Syntax-informed Question Answering with Heterogeneous Graph Transformer

Fangyi Zhu,Lok You Tan,See-Kiong Ng,Stéphane Bressan
DOI: https://doi.org/10.48550/arXiv.2204.09655
2022-05-23
Abstract:Large neural language models are steadily contributing state-of-the-art performance to question answering and other natural language and information processing tasks. These models are expensive to train. We propose to evaluate whether such pre-trained models can benefit from the addition of explicit linguistics information without requiring retraining from scratch. We present a linguistics-informed question answering approach that extends and fine-tunes a pre-trained transformer-based neural language model with symbolic knowledge encoded with a heterogeneous graph transformer. We illustrate the approach by the addition of syntactic information in the form of dependency and constituency graphic structures connecting tokens and virtual vertices. A comparative empirical performance evaluation with BERT as its baseline and with Stanford Question Answering Dataset demonstrates the competitiveness of the proposed approach. We argue, in conclusion and in the light of further results of preliminary experiments, that the approach is extensible to further linguistics information including semantics and pragmatics.

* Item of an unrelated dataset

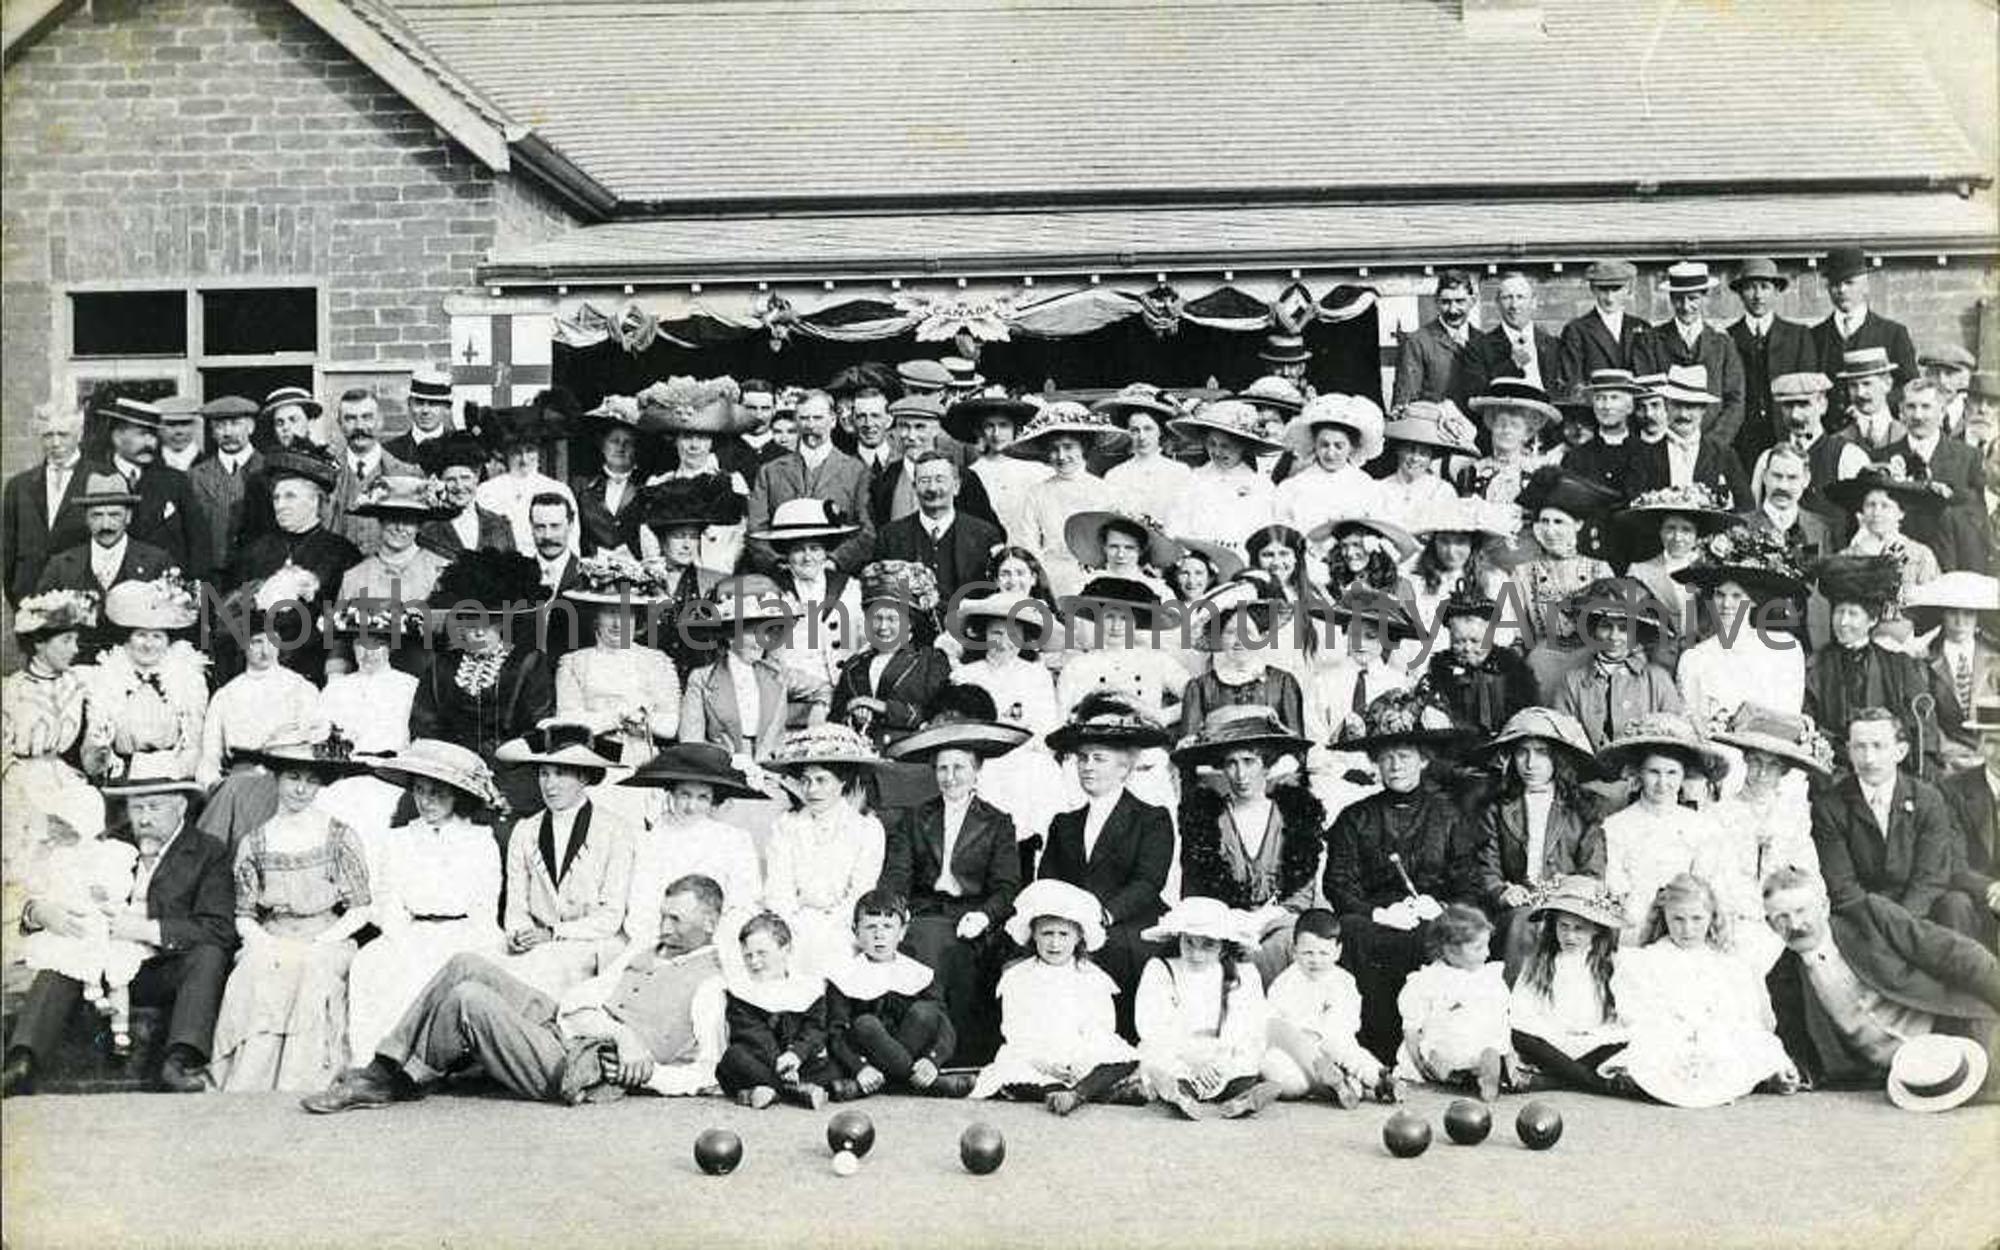 Coleraine Bowling Club (6742)

Computation and Language,Artificial Intelligence
What problem does this paper attempt to address?
The problem that this paper attempts to solve is: How to improve the performance of pre - trained language models in question - answering tasks by adding explicit linguistic information (such as syntactic information) without re - training the pre - trained language models. Specifically, the authors proposed a question - answering method (SyHGT) for enhancing linguistic information based on heterogeneous graph transformers. This method extends and fine - tunes a pre - trained Transformer - based neural language model and encodes the heterogeneous graph transformer through symbolic knowledge, especially connecting the syntactic information of tokens and virtual vertices in the form of dependency graphs and constituent trees. Experimental results show that, compared with using only the pre - trained BERT, this method has improved performance on the Stanford Question Answering Dataset (SQuAD), especially in terms of exact match (EM) and F1 score.